Material for this task:
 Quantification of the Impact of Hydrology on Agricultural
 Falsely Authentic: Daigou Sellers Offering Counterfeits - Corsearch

---

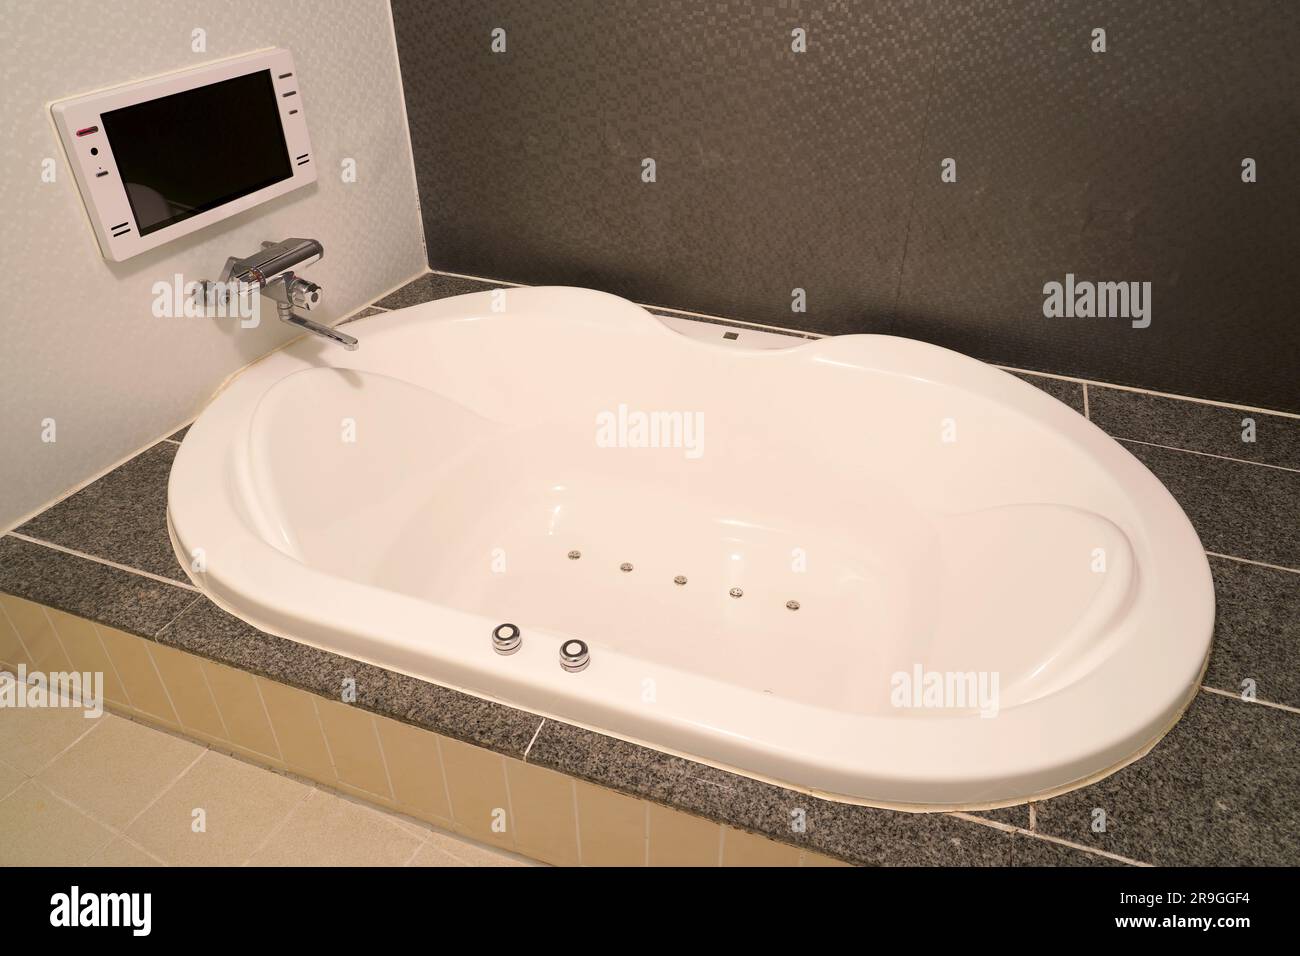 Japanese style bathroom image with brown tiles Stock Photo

* * *

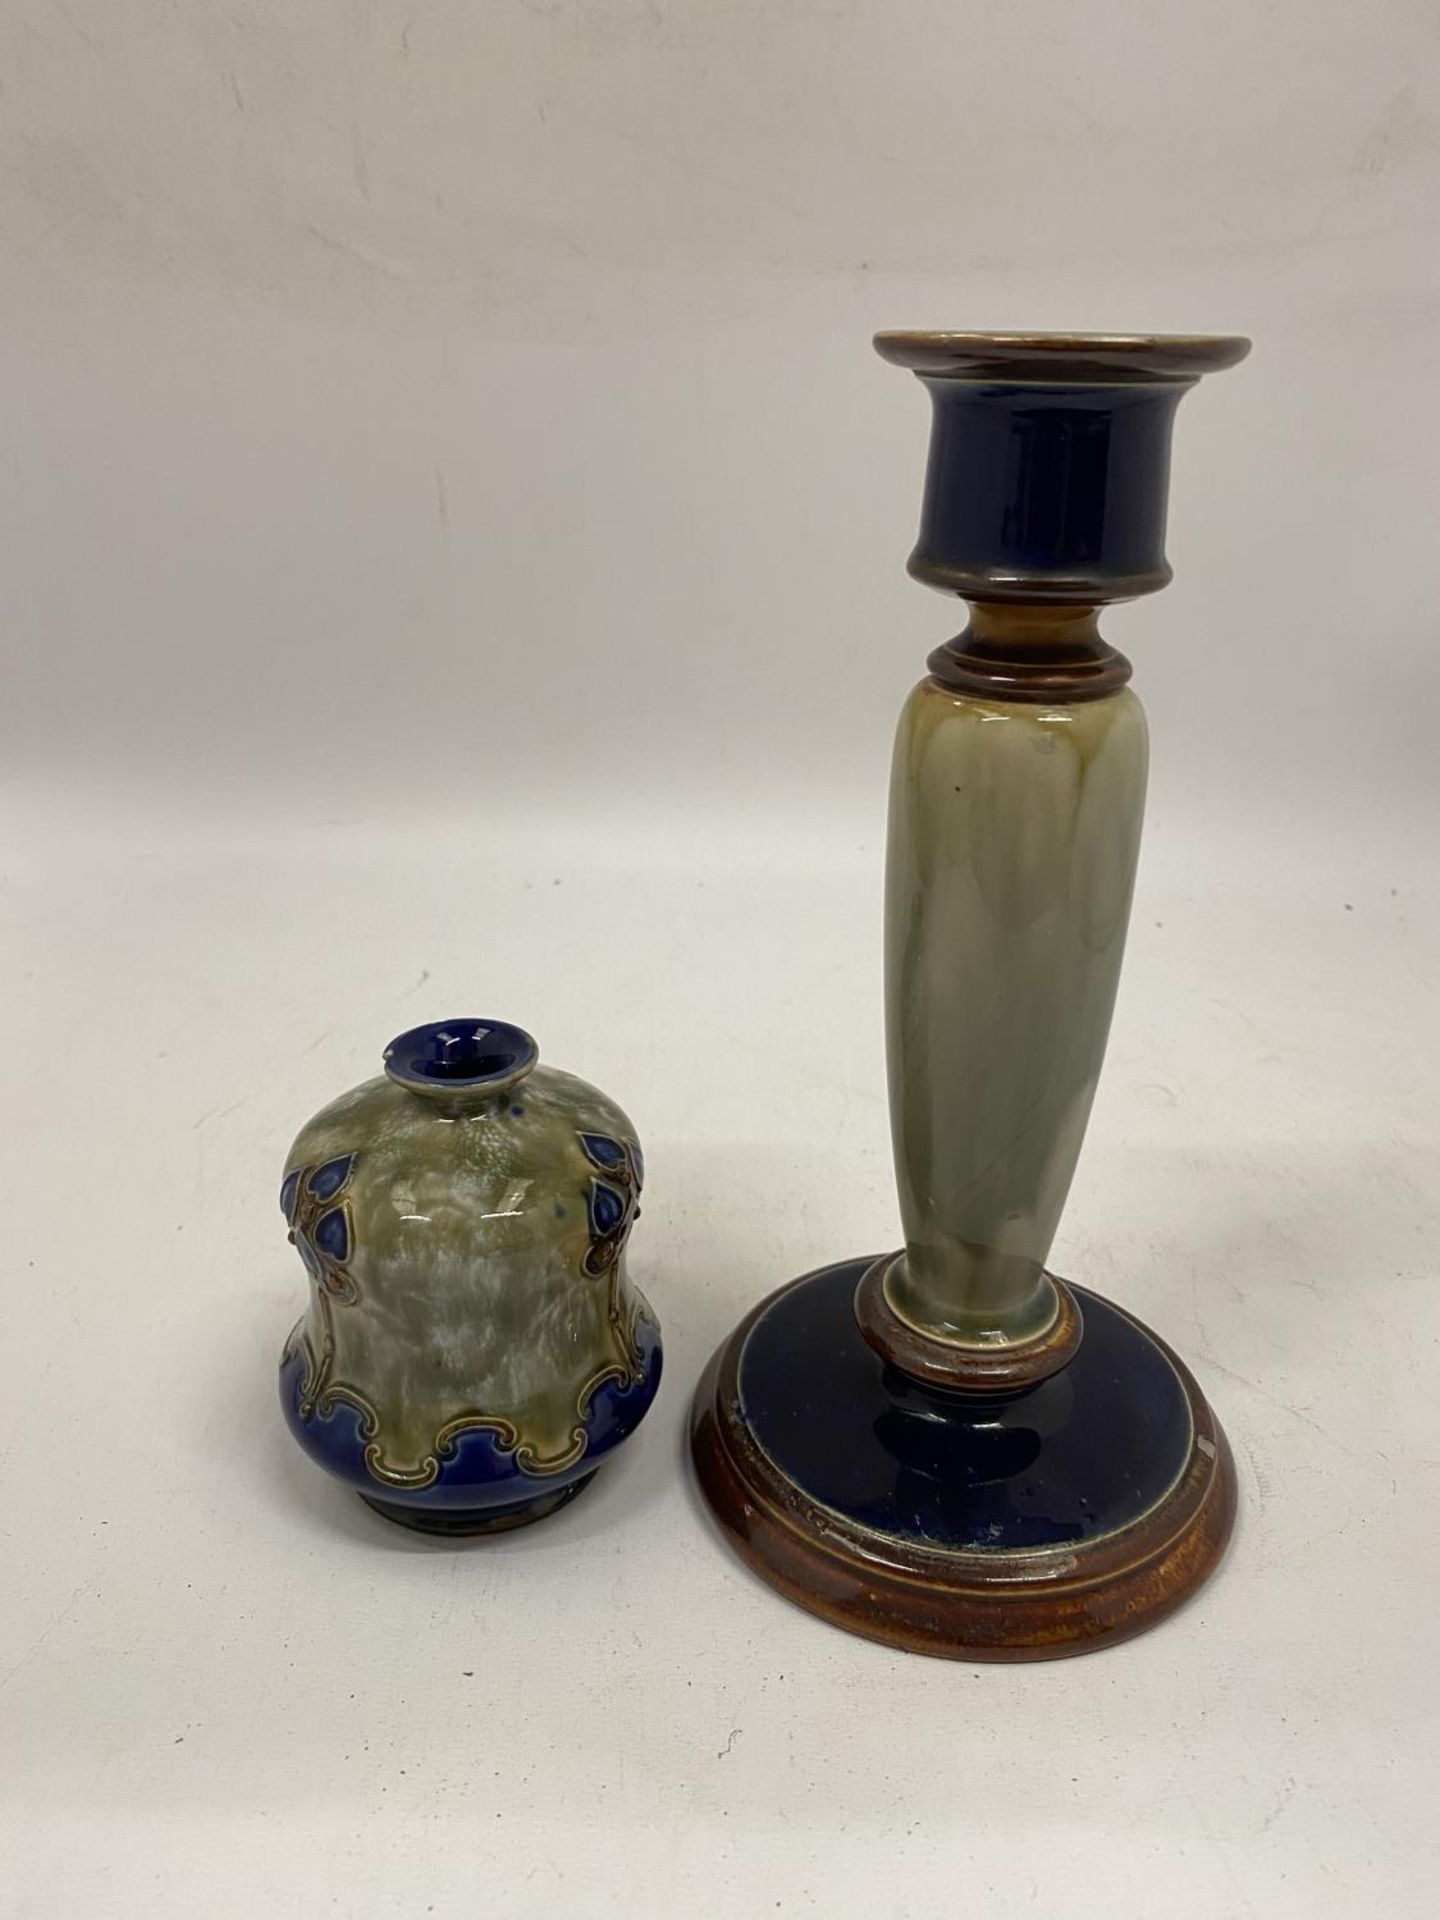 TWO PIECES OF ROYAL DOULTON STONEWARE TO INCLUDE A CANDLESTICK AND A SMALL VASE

What the exercise asks: Start with the line above that contains "Quantification of the" and end with the line that contains "Falsely Authentic: Daigou". Write out those lines exactly, and only those.

Answer space:
 Quantification of the Impact of Hydrology on Agricultural
 Falsely Authentic: Daigou Sellers Offering Counterfeits - Corsearch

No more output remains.